A Coachella man who beat his girlfriend’s toddler eight years ago, leaving the girl with permanent brain damage, was sentenced to nine years in prison today.

A jury at the Larson Justice Center deliberated less than a day before finding 31-year-old Adan Diaz Orozco guilty last month of willful child cruelty, with a great bodily injury enhancement.

Orozco and his girlfriend brought her then-18-month-old daughter to John F. Kennedy Memorial Hospital in Indio on April 9, 2011. Sheriff’s officials were called to the hospital by workers who suspected child abuse, leading to Orozco’s arrest. The toddler was later airlifted to Loma Linda University Medical Center.

In his closing argument, defense attorney Dante Gomez warned jurors to not have a “mob mentality” when deciding the case, while Deputy District Attorney Samantha Paixao focused on the defendant’s “willful” actions.

“We’re here to decide whether there was an intentional act of child abuse,” Gomez said. “Now did Mr. Diaz snap and spank that child? Well, if so he is guilty of everything, right? No. Again, let’s not have mob mentality here.”

While Orozco admitted to spanking the child because she refused to eat, the defense maintained that the toddler’s head trauma was an accident.

The defendant’s attorney told the jury that after waking the girl up from a nap, Orozco tried to feed her but she refused and threw the food on the ground.

Orozco then “tapped her on the butt, and she kept crying and crying and crying,” Gomez said. “And then, he at a certain point just said `enough’ and threw his arm back and made contact with her, not realizing she was there.”

That contact pushed the girl into a group of chairs next to the bed, according to the defense lawyer, who said Orozco immediately called the toddler’s mother, then picked her up with the toddler in the car.

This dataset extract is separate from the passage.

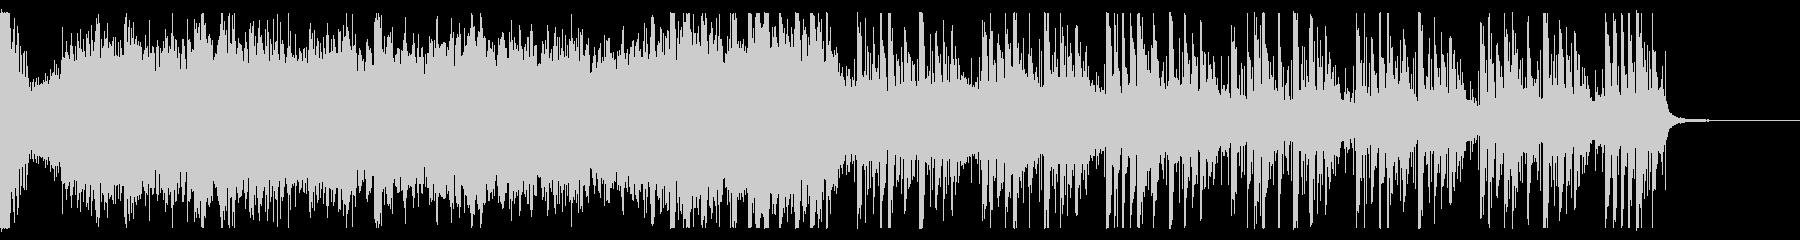 動物 ホーミー アジア ヨガ 禅 の未再生の波形

The mother began doing CPR compressions on the girl, and when they arrived John F. Kennedy Memorial Hospital in Indio, she jumped out of the car and unintentionally slammed the toddler’s head on the car door, according to Gomez.

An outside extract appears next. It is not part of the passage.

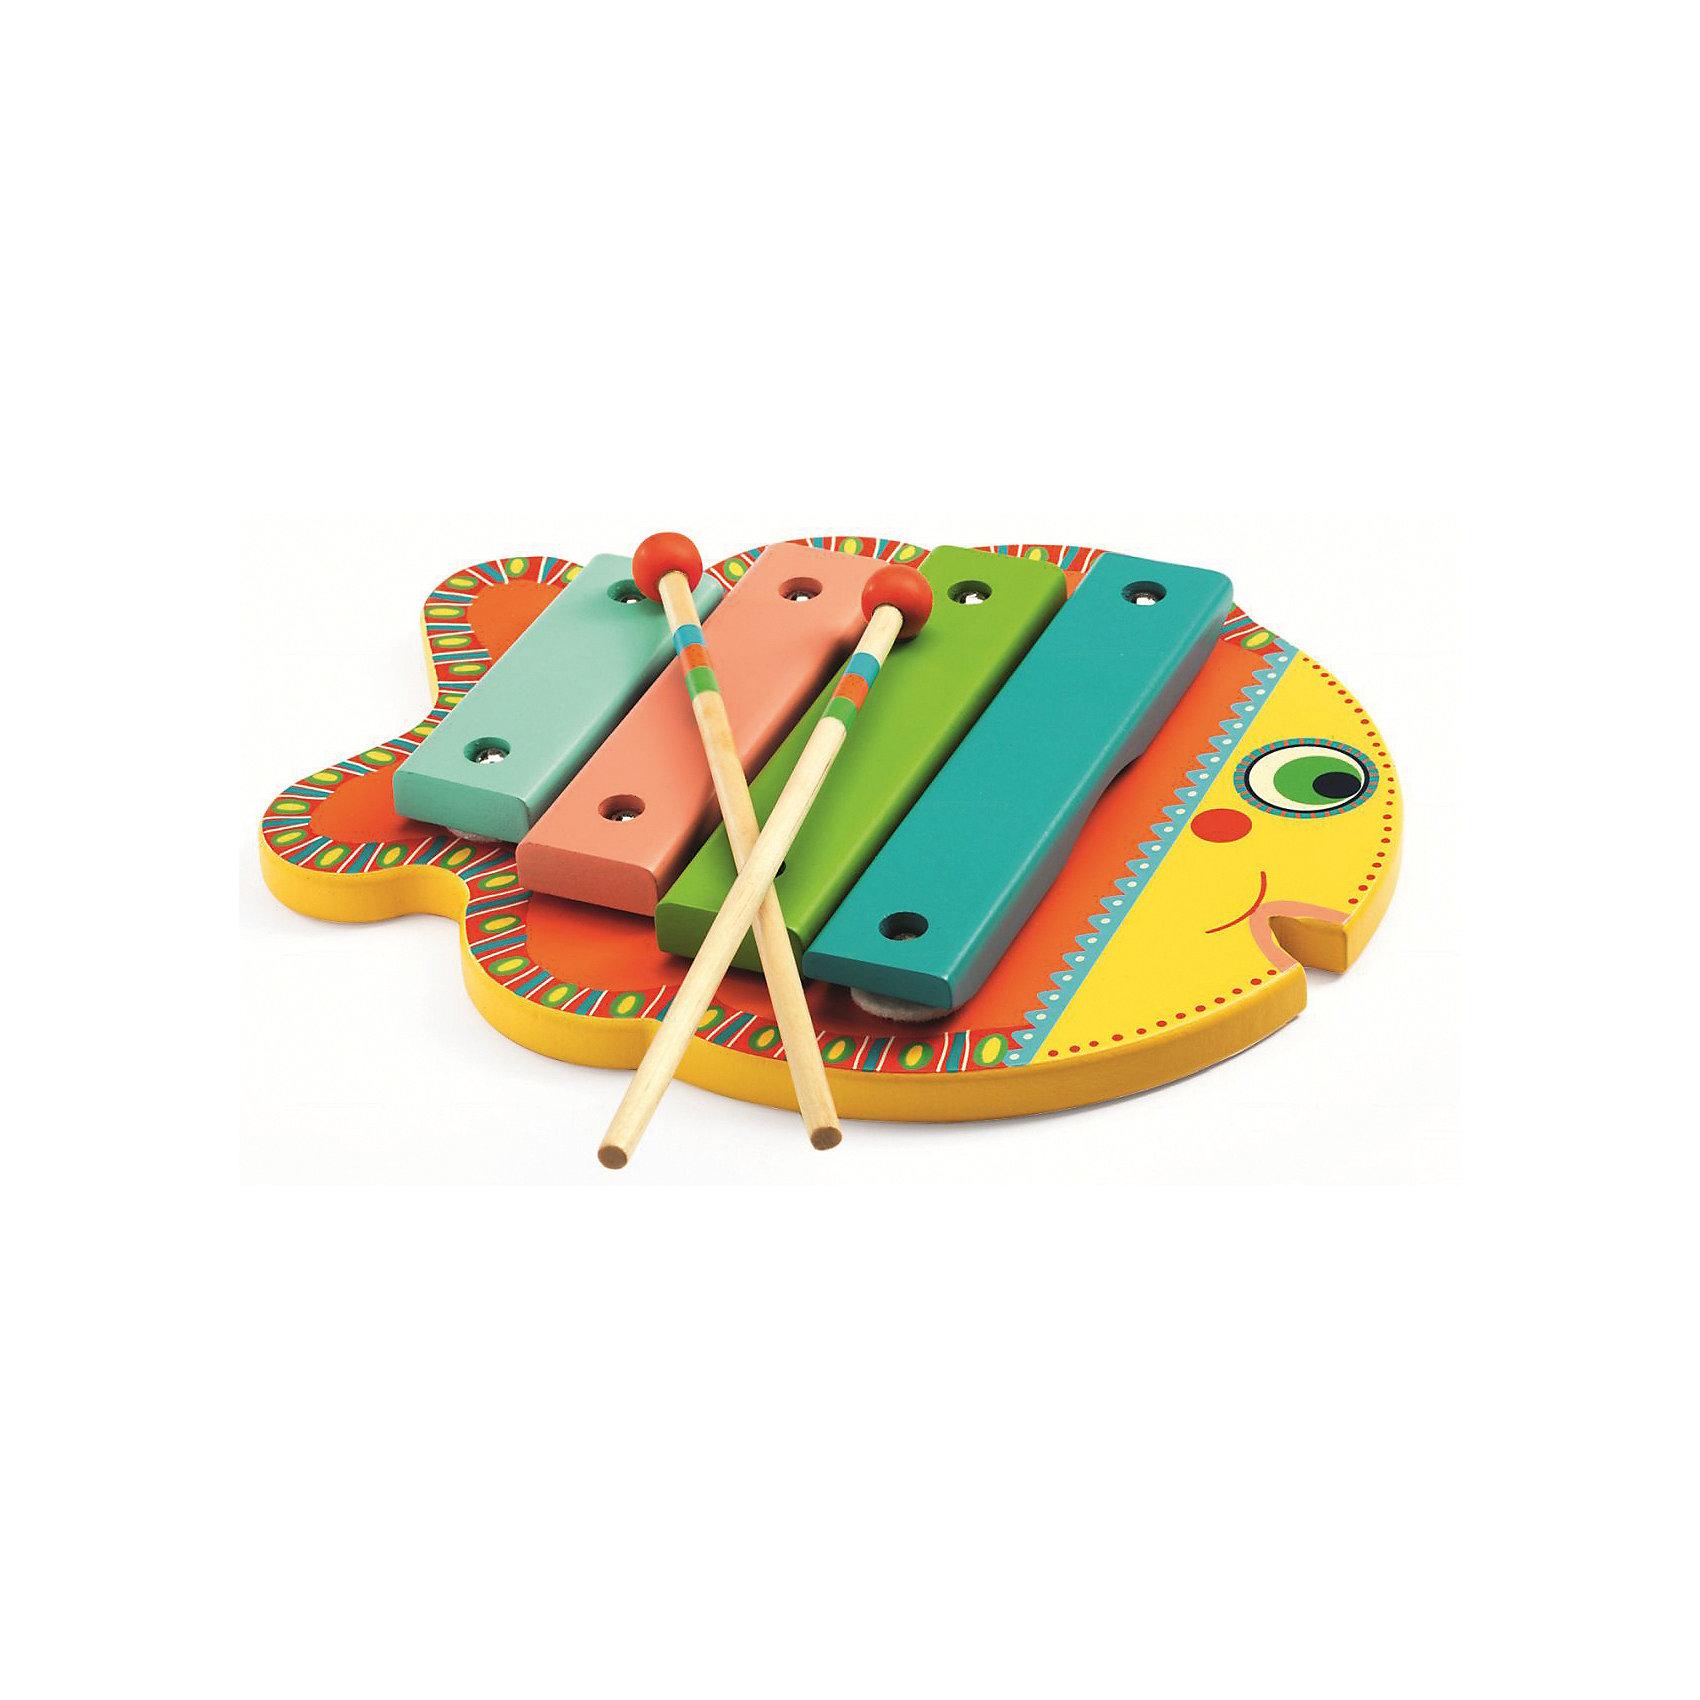 Ксилофон, DJECOЯркий и красочный ксилофон станет прекрасной игрушкой даже для самых маленьких меломанов. Ксилофон в виде рыбки состоит из 4-х клавиш и 2-х палочек, с помощью которых ваш малыш будет создавать новые мелодии. Увлекательный ксилофон в красивой подарочной упаковке станет прекрасным подарком и непременно порадует каждого малыша. Ксилофон сделан из высококачественного дерева, покрыт безопасными нетоксичными красками.<br><br>Ширина мм: 30<br>Глубина мм: 230<br>Высота мм: 190<br>Вес г: 480<br>Возраст от месяцев: 36<br>Возраст до месяцев: 1188<br>Пол: Унисекс<br>Возраст: Детский<br>SKU: 4761452

Paixao countered by telling the jury: “If you decide to harm a child because she is crying and screaming, and you specifically move a part of your body to her body to make her stop, the law is going to hold you accountable for that action.”

The prosecutor said Orozco’s actions were, in fact, willful.

“Even though he may not have intended the consequences, he intended every act that he did,” Paixao said pointing to evidence that Orozco grabbed, struck and hit the toddler prior to her being knocked unconscious from the head trauma. “This is not discipline of a child. You don’t get to do this to a child because she is crying and screaming.”

Dr. Amy Young, a forensic pediatrician at Loma Linda University Medical Center, testified in early March that a portion of the toddler’s skull had to be removed when the girl was hospitalized, a move that is “not common except in cases of severe accidental trauma or abusive trauma.”

Testifying for the prosecution, Young said the toddler’s brain injuries could be likened to a car crash or two-story fall.